A3: the cross-modal flow sub-network takes an original CT mode floating image rCT and an MR mode reference image rMR as inputs (namely, the inputs are cross-modal image pairs (rCT, rMR)), learns deformable mapping between the input image pairs through a UNet structural network, and outputs a deformation fieldWherein the deformation field->I.e. a deformable mapping relation representing the input cross-modality image pair (rCT, rMR);

in this embodiment, the cross-modal streaming sub-network unet_o adopts UNet network structure. As shown in FIG. 8The original CT mode image (rCT) and the MR mode image (rMR) are respectively used as floating images I _m And reference image I _f Gray scale floating image I with channel number of 1 _m And a gray reference image I with a channel number of 1 _f Will I _m and I_f And splicing according to the channel direction to obtain a three-dimensional volume image of two channels as an input image. The UNet network employs an encoder-decoder structure that reduces the spatial resolution of the input image using a 3D convolution with a step of 2 in the encoder section, and the decoder restores the spatial resolution of the image using a 3D upsampling layer. Jump connection is used between convolution layers of the encoder and the decoder to fuse shallow layer features and deep layer features; the number of channels per convolutional layer output profile is shown in fig. 8 as the upper end number of the rectangular convolutional layer. Variable transformation parameters between cross-modal input images are learned through a three-dimensional deep convolution network, and a deformation field of a3 channel is obtained through output

At this step, the original cross-modal flow incorporates the original image rCT into a cross-modal registration framework so that the model can estimate the deformation field based on the detailed texture features provided in rCTThe introduction of the original information assists the model to learn a more realistic deformable transformation, so that the disturbing influence of the artificial features in the generated image tMR on registration can be reduced.

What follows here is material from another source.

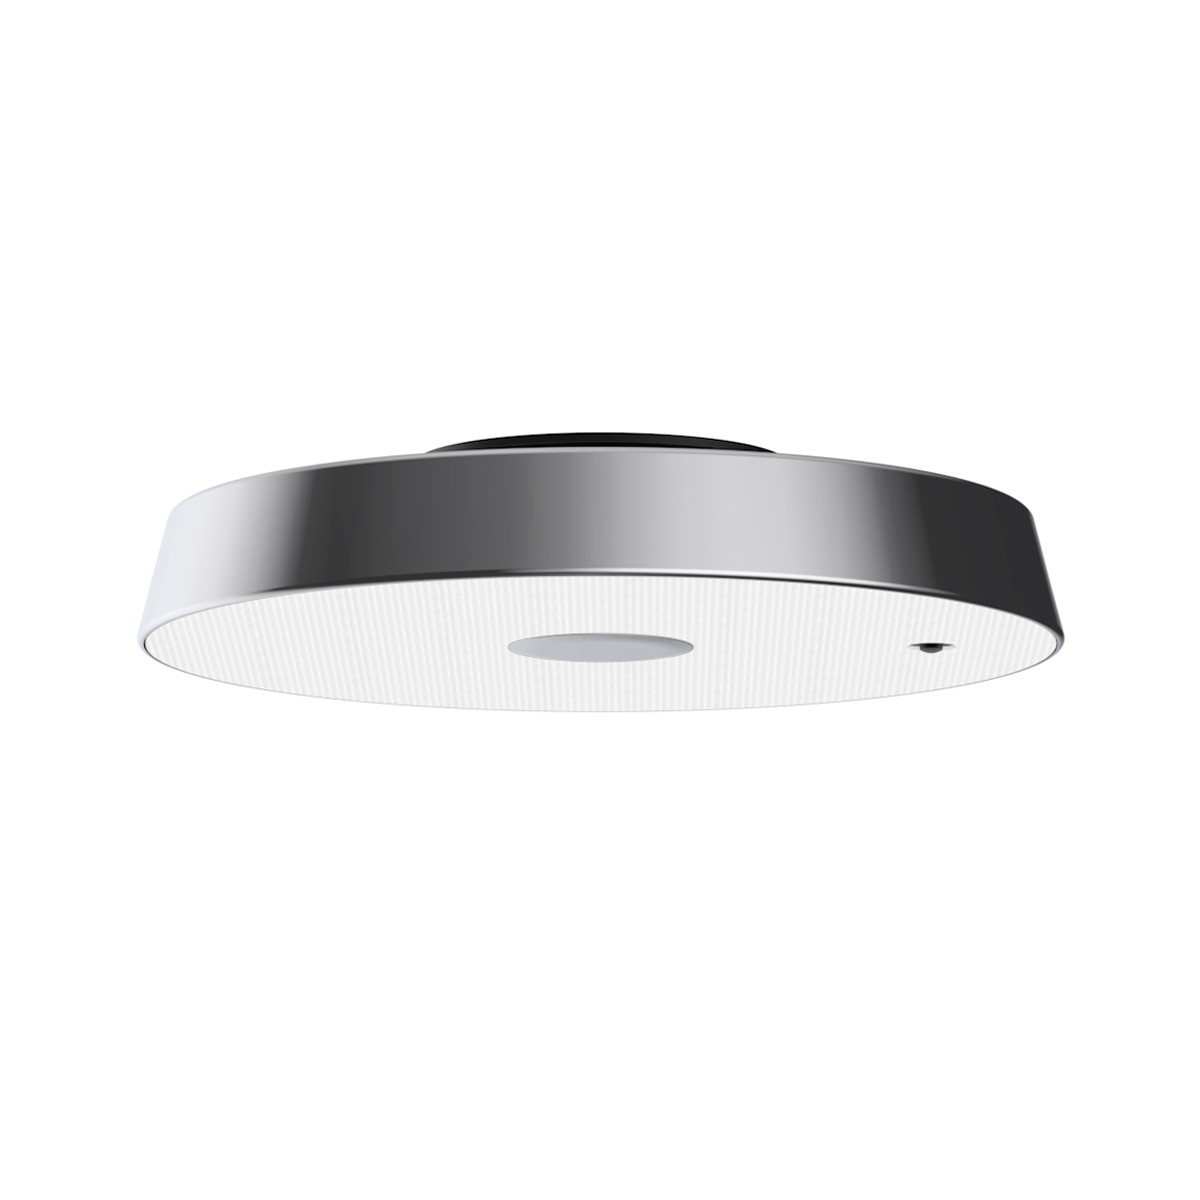 Belux Koi-S LED Deckenleuchte, dimmbar DALI, 3000K, Chrom

A4: the unimodal flow sub-network then uses the output of the previous modified Cycle-GAN network to generate image tMR and MR modality reference image rMR as inputs (i.e., the inputs are unimodal image pairs (tMR, rMR)), uses the same UNet network as the cross-modal flow to learn the deformable mapping between the input image pairs, and outputs a deformation fieldWherein the deformation field->I.e. representing inputDeformable mapping of the unimodal image pair (tMR, rMR);

in this embodiment, the single-mode flow sub-network unet_s also adopts the same UNet network architecture as the cross-mode flow sub-network unet_o shown in fig. 8. The only difference is that unet_o is a cross-modal input, while unet_s is a single-modal input. Through image conversion, the network may convert the original CT modality image (rCT) to an MR modality image (tMR). The generated tMR image and rMR image are respectively input into the network as a floating image and a reference image by the single-mode flow subnetwork unet_s, the deformable mapping between the single-mode input images is learned through a three-dimensional depth convolution network, and the deformation field of 3 channels is finally output

In the step, the synthesized single-mode flow can learn more texture information in the single-mode image, and the voxel drift phenomenon caused by the cross-mode flow is effectively restrained.

A5: deformation field fusion network deformation field estimated with the first two flows (cross-modal flow and single-modal flow) and />For input, a convolution network is adopted to carry out mixed superposition on two deformation fields, and a final deformation field +.>

Wherein the cross-modal flow and the single-modal flow sub-network estimate the deformation field based on the cross-modal input (rCT and rMR) and the single-modal input (tMR and rMR), respectively and />In this step the deformation field is-> and />Mixing and superposing, effectively fusing two deformation fields by adopting a convolution neural network with the convolution kernel size of 3 multiplied by 3, and outputting a final deformation field +.>Wherein, 3D volume deformation field +.>Has a-> and />The same dimension is 3 channels.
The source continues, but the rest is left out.